Organic light-emitting diodes (OLEDs) have been extensively investigated as a promising technology for energy-saving lighting and large-area flexible displays (Kido et al., 1995; Forrest, 2004; Sasabe and Kido, 2010; Higuchi et al., 2015; Li et al., 2016). Typically, there are two kinds of device structures mainly used in OLEDs, i.e., conventional and inverted structures. Compared with the conventional structure, the inverted OLEDs (IOLEDs), which use the air stable metals as top anode and indium-tin-oxide (ITO) as the cathode, have been considered as an advantageous approach to improve the stability and the roll-to-roll fabrication process of flat-panel display (Chu et al., 2006; Morii et al., 2006; Sessolo and Bolink, 2011; Chen et al., 2012; Guo et al., 2017; Fukagawa et al., 2018). Moreover, one benefit of the IOLED is to take advantage of the existing n-type amorphous silicon thin film transistor (a-Si TFT) technology for the development of the active-matrix driving OLED technology (Kabra et al., 2010; Hsieh et al., 2011; Zhong et al., 2011; Park et al., 2015; Hosono et al., 2017).

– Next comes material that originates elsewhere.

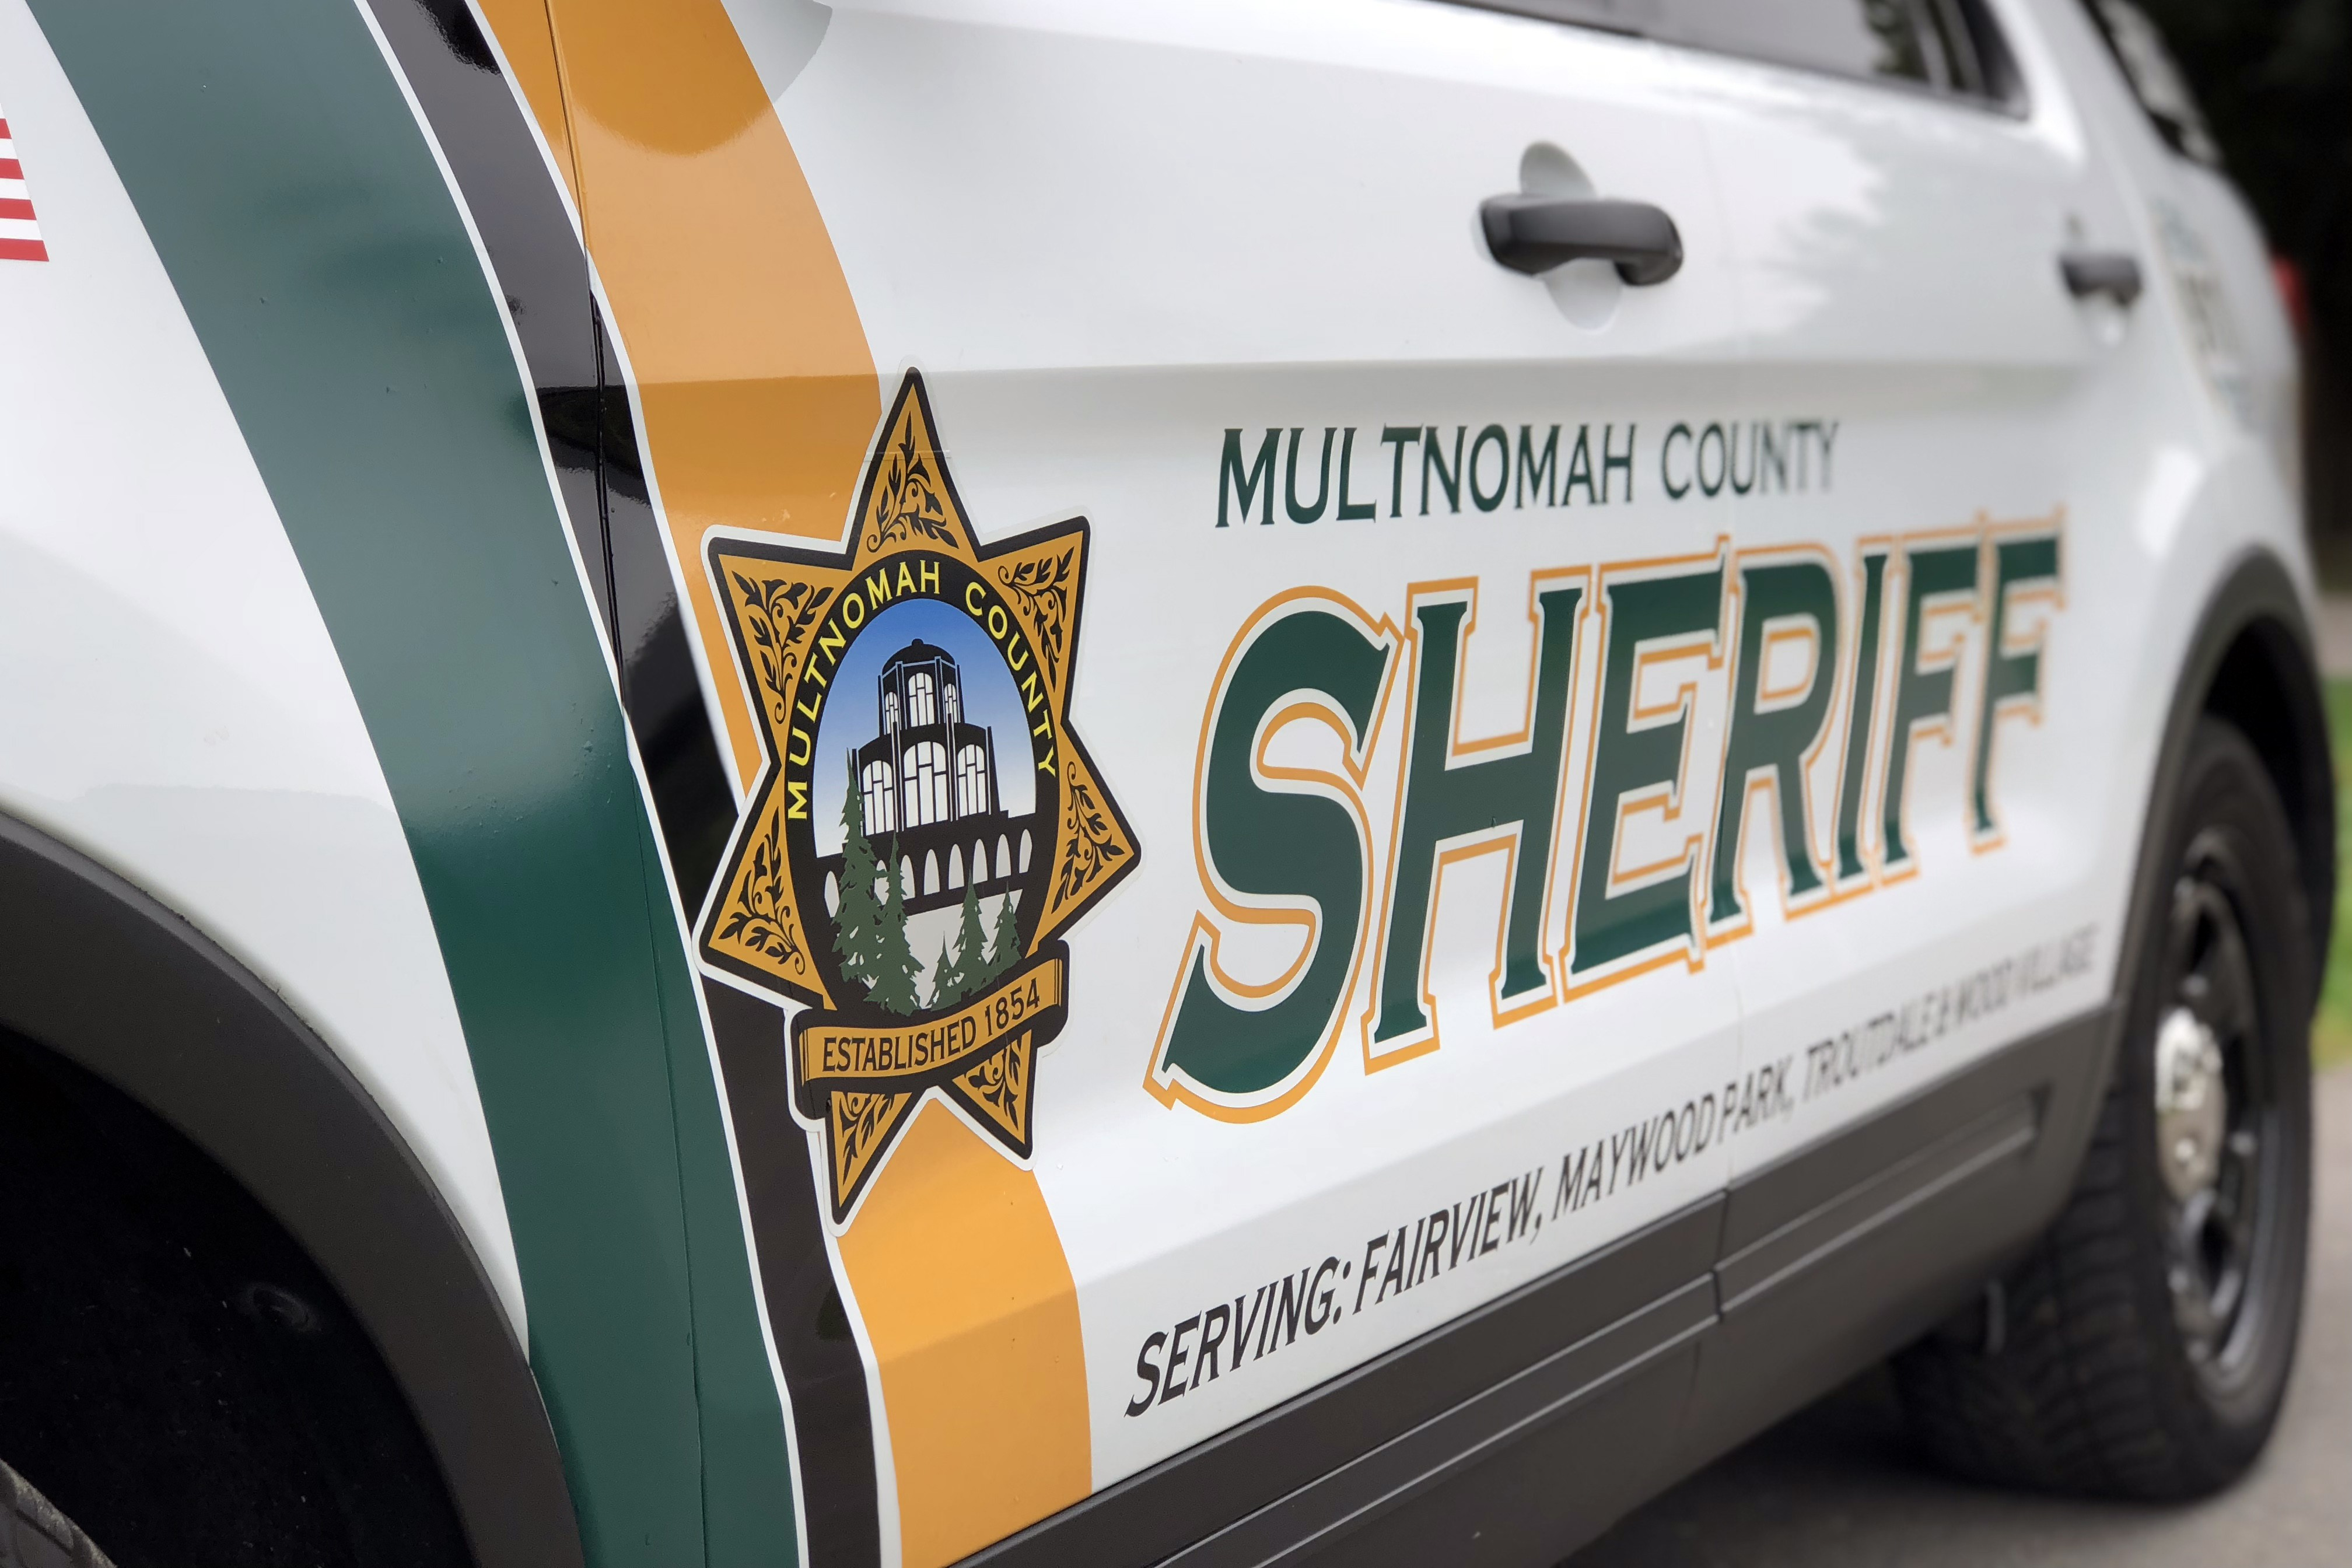 Multnomah County Sheriff's Office | LinkedIn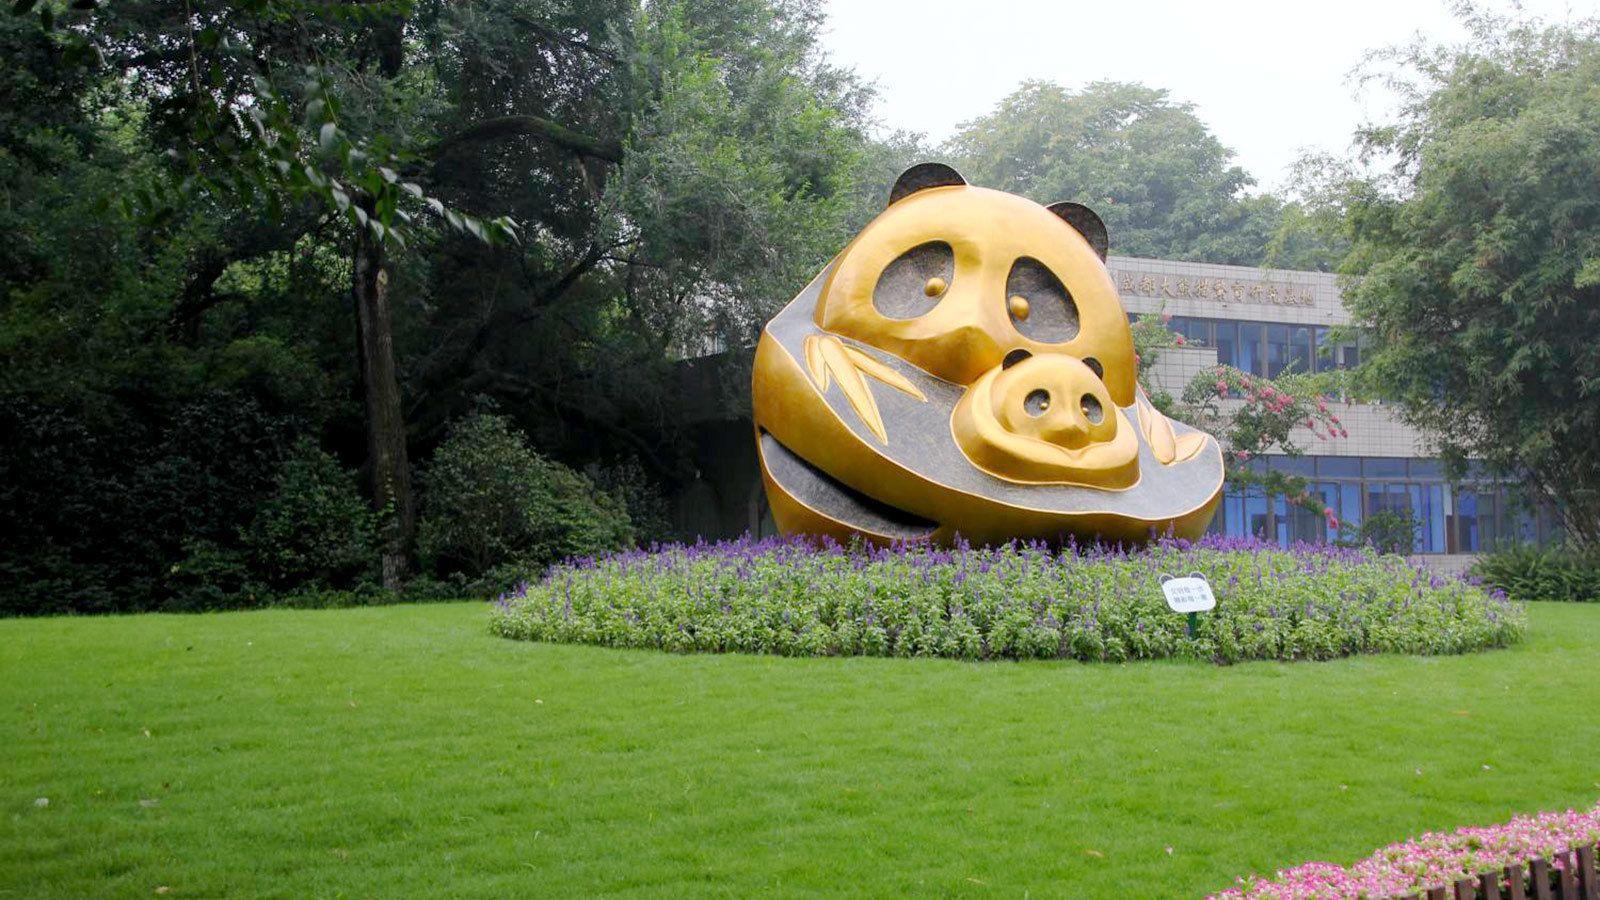 Statue of two pandas on the Panda Tour in Chengdu

In an IOLED device, ITO is used as the electron injection cathode while metal electrode acts as hole injection anode. To facilitate electron injection from ITO into the upper electron transporting or light-emitting layers, the electron injection layers (EILs) are usually coated onto the ITO cathode. Moreover, introducing the EIL into the OLED devices can also efficiently reduce the driving voltage and improve the power efficiency in the same time (Guo et al., 2017). Up to date, some inorganic alkali metal-containing materials (such as LiF and Cs₂CO₃), metal oxide materials (such as TiO₂, ZnO, and ZrO₂) and ionic π-conjugated polymers have been reported as efficient EIL for high performance OLEDs (Tokmoldin et al., 2009; Kim et al., 2014; Chiba et al., 2015; Zhao et al., 2017). Among all these EIL materials, ZnO has attracted increasing attention for being used in IOLED because ZnO is environmentally stable, low-cost and has high transparency in visible region (Chen et al., 2016). In particular, the solution-processed ZnO film has been widely used as an EIL in the IOLED configuration due to its advantages of optical transparency, low work function, high electron mobility and good electron selective, and hole blocking contact (Bolink et al., 2007; Chiba et al., 2012; Dong et al., 2017). However, the ZnO EIL based IOLED demonstrates ordinary device performance owing to the injection barrier between ZnO EIL and the adjacent electron transporting layers (ETL) caused by the still high work function of ZnO film (Höfle et al., 2014). Thus, there is an urgent need to develop a new technique to improve the injection efficiency of ZnO EIL based IOLEDs.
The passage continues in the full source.